Protect personal secrets, such as passwords and credit card numbers, by storing them in a password manager.

What make a good password manager?

Security practices
- It’s security practices need to be 100% transparent
  
  e.g.
  - 1Password security practices
  - Bitwarden security FAQ
  [!TIP] Review these practice against what you’re learning in this book.
- It should use end-to-end encryption.
  
  Your password should be encrypted before it leaves your device.
  
  [!WARNING] With end-to-end encryption, if you forget the master password of your password manager, you will lose all stored passwords.
Reputation

Do your best to vet the reputation of a vendor password manager before you use it:
- Online reviews
- Online communities, e.g. reddit
- Security audits, certification
  
  e.g.
  - Security Audits of 1Password
  - Bitwarden Compliance, Audits, and Certifications
- Previous incidents
  
  e.g.
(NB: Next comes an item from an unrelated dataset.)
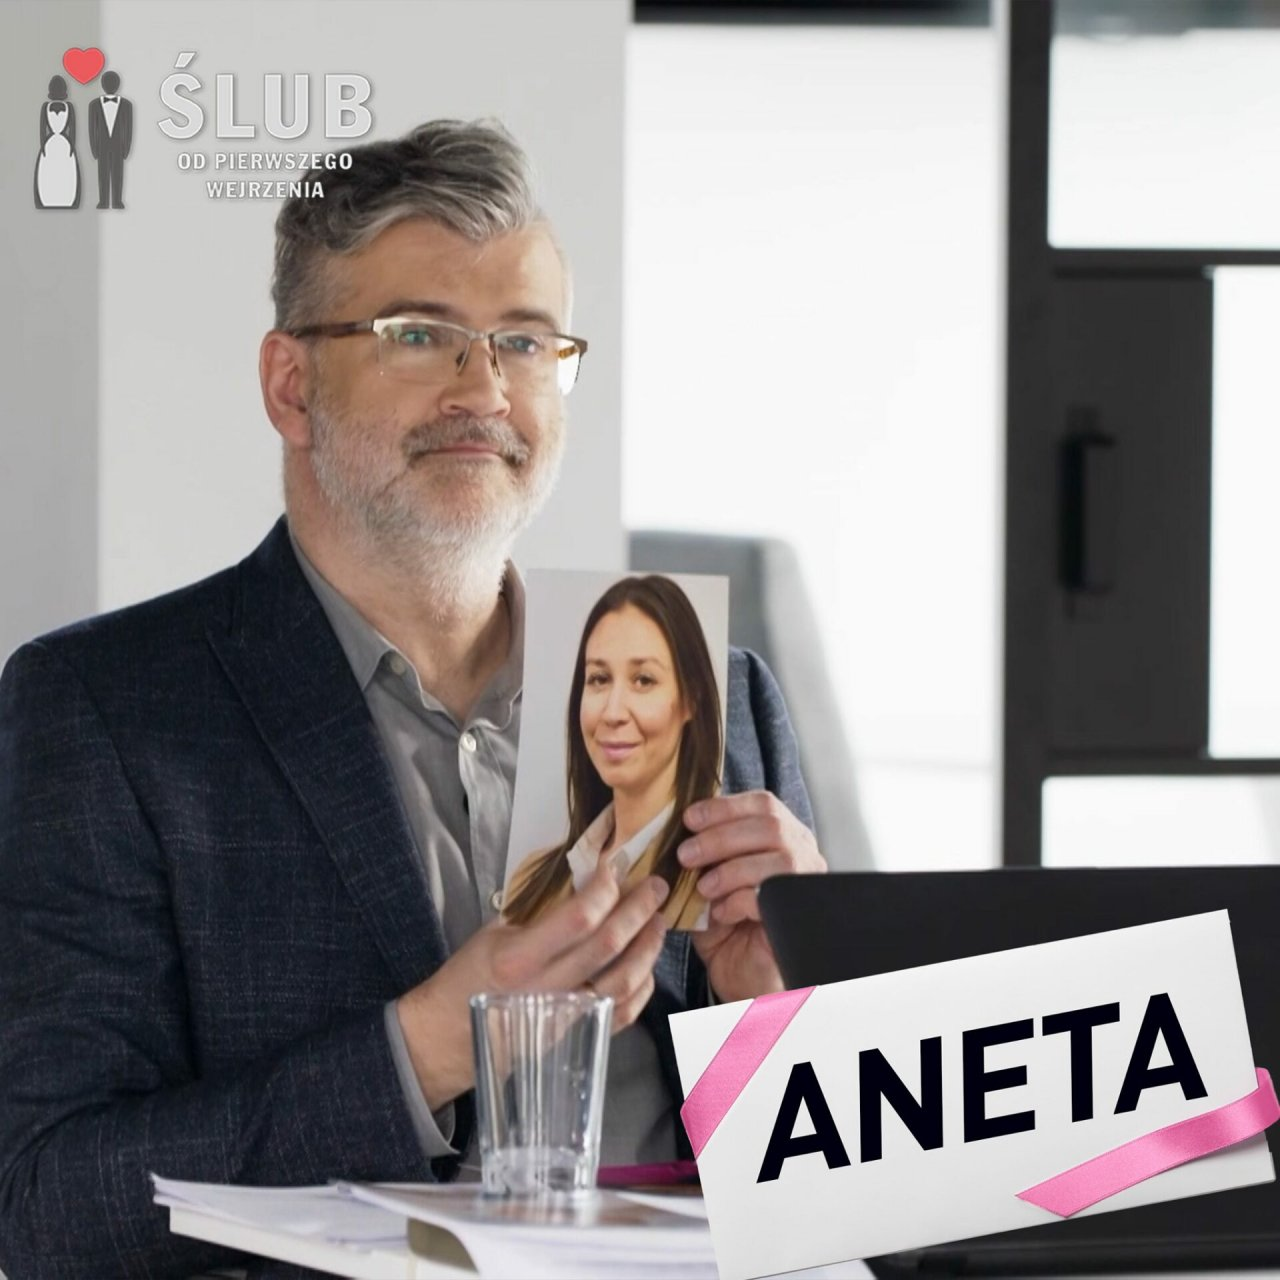 Aneta, ślub

LastPass incidents
Unique, randomly-generated passwords

The password manager should have a password generator built-in which can generate a different, random, strong password for every website you use.
Secure account access

The password manager should supports other MFA, and convenient login methods, e.g. TouchID, FaceID, PassKeys…
Secure sharing with families and teams

Although these are “personal” secrets, in some case you will need to share them to your families, colleagues.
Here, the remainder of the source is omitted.